Dis you see any benefit of using carpro reflect as a finishing polish after using final master polish? I consider final master polish to be a great finishes with serious brightness and gloss and of course no need for further refinement.'

:thumb:


----------



## Blueberry (Aug 10, 2007)

@efib - my car is a darker red than yours. Mine is metallic red and can look like burgundy red on overcast days.
I've seen two red cars now that have had PA products used on them and both had incredulous glow and brightness to them. PA certainly seem to to do some great products so excited to get using them 😃


----------



## efib (Sep 18, 2012)

Blueberry said:


> @efib - my car is a darker red than yours. Mine is metallic red and can look like burgundy red on overcast days.
> I've seen two red cars now that have had PA products used on them and both had incredulous glow and brightness to them.
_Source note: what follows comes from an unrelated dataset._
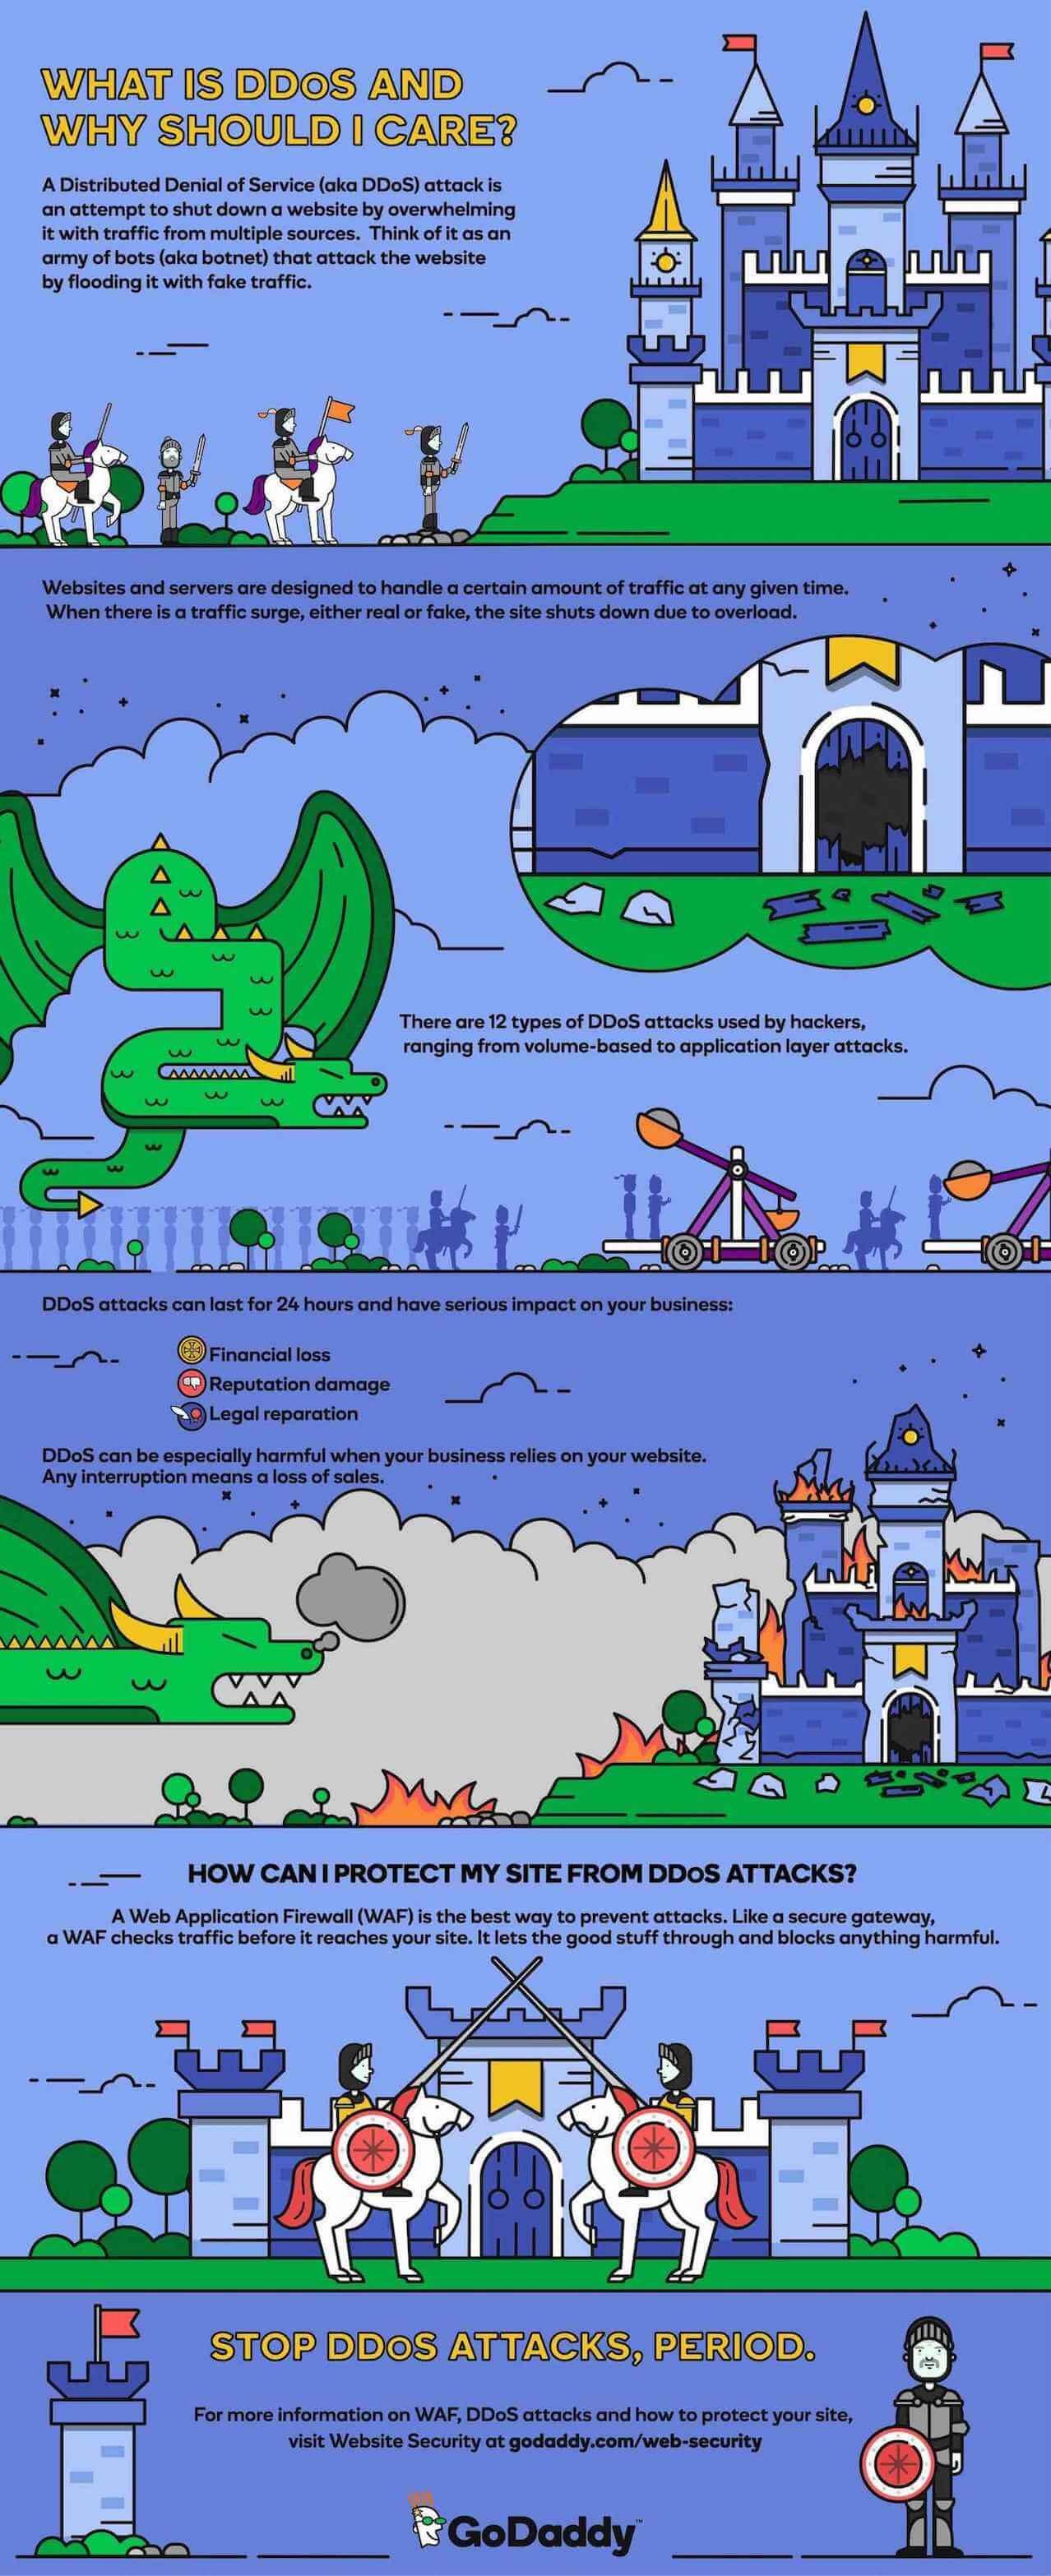 GoDaddy DDoS WAF Infographic

PA certainly seem to to do some great products so excited to get using them 😃


Yours is way nicer  famous looks promising , I want to see its durability .. 12 months seems really good to be true , for a daily driver at least .
I think that PA has nice products and they will suit your deep red. I want to see what's next in their line


----------



## shaunwistow (May 13, 2011)

Excellent work yet again Kostas, look forward to meeting you again soon for a few beers


----------



## wanner69 (Mar 14, 2010)

Brilliant work kostas :thumb:


----------



## Alex L (Oct 25, 2005)

efib said:


> @ Alex L let me know about the new aqua , mine will need to be replaced at some point ! Flake never got my attention :/
> Indeed they don't have them at the European sites , I like Cali scents way too much but I would like to try them , how much did it cost ?
> Bella rosso was the wax dedicated to red color and there were for other colors too. With the carnauba creation prices I'll stick with the waxes I already have and maybe the coatings.:


hopefully I may get to try it this weekend to compare to other stuff.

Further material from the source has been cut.